Kegiatan reduce yang dilakukan adalah dengan meminta pedagang keliling untuk
mengurangi penggunaan plastik. Mereka menggunakan gelas atau panci. Makanan atau
minuman langsung ditempatkan ke tempat makan atau minum siswa.. Walaupun begitu,
bungkus plastik juga masih diperbolehkan, khususnya untuk minuman. Selanjutnya untuk
menampung sampah dari bungkus makanan/minuman tersebut, sekolah menyediakan tempat
sampah yang terdiri dari empat kategori: sampah plastik, sampah organik, sampah kertas, dan
sampah kaca/logam.

RECYCLE (MENGOLAH KEMBALI)

Kegiatan recycle diberlakukan untuk semua jenis sampah. Sampah plastik keras
sebgian dikelola menjadi bahan baku kegiatan ketrampilan atau prakarya. Di antaranya diolah
menjadi tempat tisu, sampul album, dan tempat koran. Sebagian lagi dikumpulkan untuk
dijual kepada pengepul. Sampah organik (daun dari pohon dan bungkus makanan) diolah
menggunakan komposter menjadi pupuk kompos. Pupuk ini digunakan untuk memupuk
tanaman yang ada di kompleks sekolah, baik tanaman hias, buah-buahan, maupun tanaman
palawija. Sampah kertas sebagian diolah untuk dijadikan bahan praktik prakarya
sebagaimana plastik tadi. Sebagian lainnya dikumpulkan dan dijual kepada pengepul.

REPLACE (PENGGANTIAN)

Kegiatan replace yang dilakukan adalah dengan meminta pedagang keliling untuk
mengurangi penggunaan plastik. Sebagai gantinya, mereka diminta menggunakan kertas atau
daun pisang sebagai bungkus. Dengan begitu, penggunaan plastik dapat ditekan dan
digantikan dengan kertas dan daun yang mudah diolah kembali.

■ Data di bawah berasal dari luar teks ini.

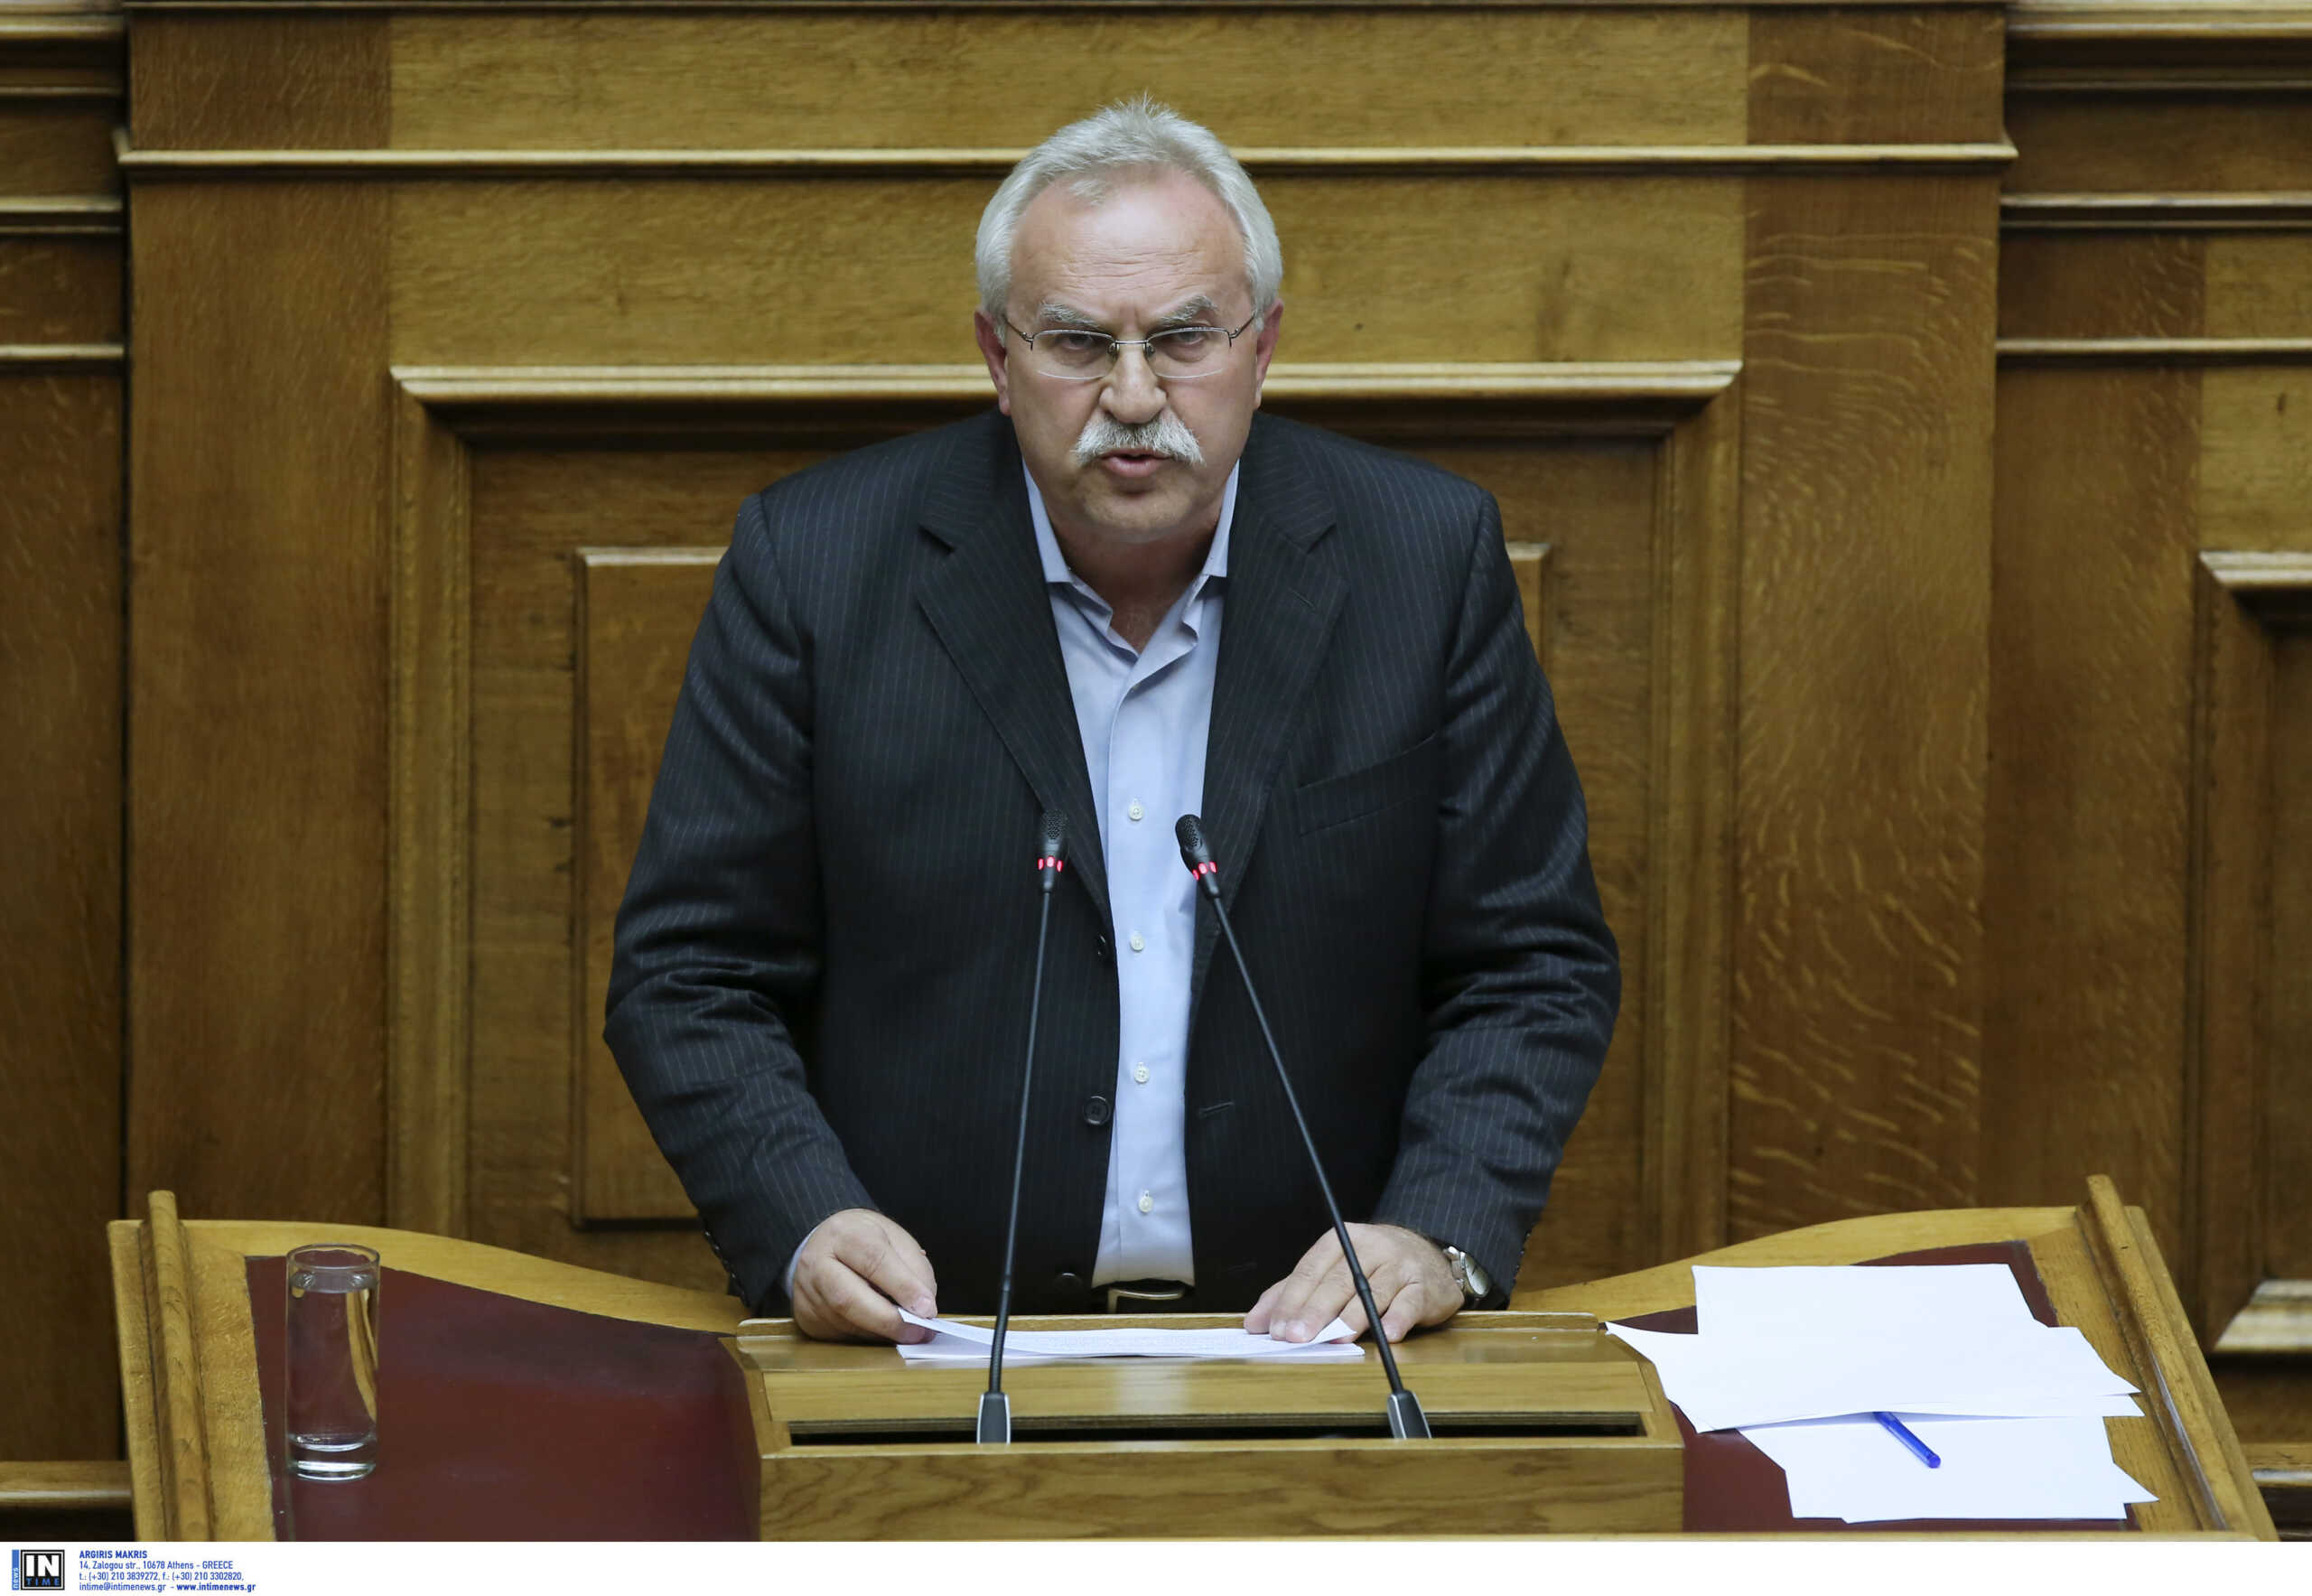 Ορκίστηκε βουλευτής Δωδεκανήσου του ΣΥΡΙΖΑ ο Δημήτρης Γάκης

REPLANT (PENANAMAN KEMBALI)

Kegiatan replant dilaksanakan di taman atau kebun sekolah. Di taman, pepohonan yang
sudah tua ditebang. Sebagai gantinya siswa diminta menanam pohon buah-buahan. Di
samping untuk perindang, buahnya dapat dinikmati. Di kebun sekolah, terdapat tanaman
perdu seperti ketela pohon, pisang, tomat, cabai, dan terung. Tiap kali pohon dicabut karena
sudah tua, diganti dengan tanaman baru agar lingkungan tetap segar dan produktif.

PIHAK YANG TERLIBAT

Secara umum, kegiatan di atas melibatkan siswa dengan bantuan guru. Untuk reuse,
siswa diawasi oleh kesiswaan dan wali kelasnya masing-masing. Untuk reduce dan replace,
sekolah melibatkan Urusan Humas dan tenaga Tata Usaha dalam menemui atau berdiskusi
dengan para penjual. Untuk recycle, siswa memanfaatkan barang bekas dipandu guru
Prakarya dan guru Ketrampilan. Sedangkan untuk pembuatan kompos dan pemanfaatannya
siswa didampingi oleh guru Ilmu Pengetahuan Alam. Untuk replant, siswa bersama-sama
guru dan karyawan melaksanakannya pada saat kerja bakti atau gotong-royong.

HASIL YANG DIPEROLEH

Kegiatan tersebut di atas cukup memberikan hasil positif bagi sekolah. Secara garis
besar, terdapat dua macam hasil, yaitu hasil langsung dan hasil tidak langsung. Hasil
langsung berupa uang atau benda, sedangkan hasil tidak langsung berupa tempat atau
kesempatan.

Hasil langsung yang diperoleh sekolah antara lain:

1. Hasil penjualan plastik, kertas, dan logam sampah terkumpul dalam bentuk uang. Dari
dana yang terkumpul, uang tersebut digunakan untuk melengkapi pembelian seragam
tonti sekolah dan bibit tanaman.
2. Hasil pemanfaatan plastik dan kertas menjadi bahan praktik berupa tempat tisu, tempat
kalender, sampun album foto, tempat pensil, alas teko, dsb.
3. Sampah makanan sisa atau sayuran dimanfaatkan sebagai makanan ikan yang ada di
kolam sekolah.
4. Hasil komposter berupa pupuk kompos digunakan untuk memupuk tanaman hias, buah-
buahan, dan sayur-sayuran.
5. Buah-buahan dan sayur-sayuran dipergunakan sebagai konsumsi pada kegiatan massal
sekolah, antara lain saat kerja bakti dan kamping pramuka.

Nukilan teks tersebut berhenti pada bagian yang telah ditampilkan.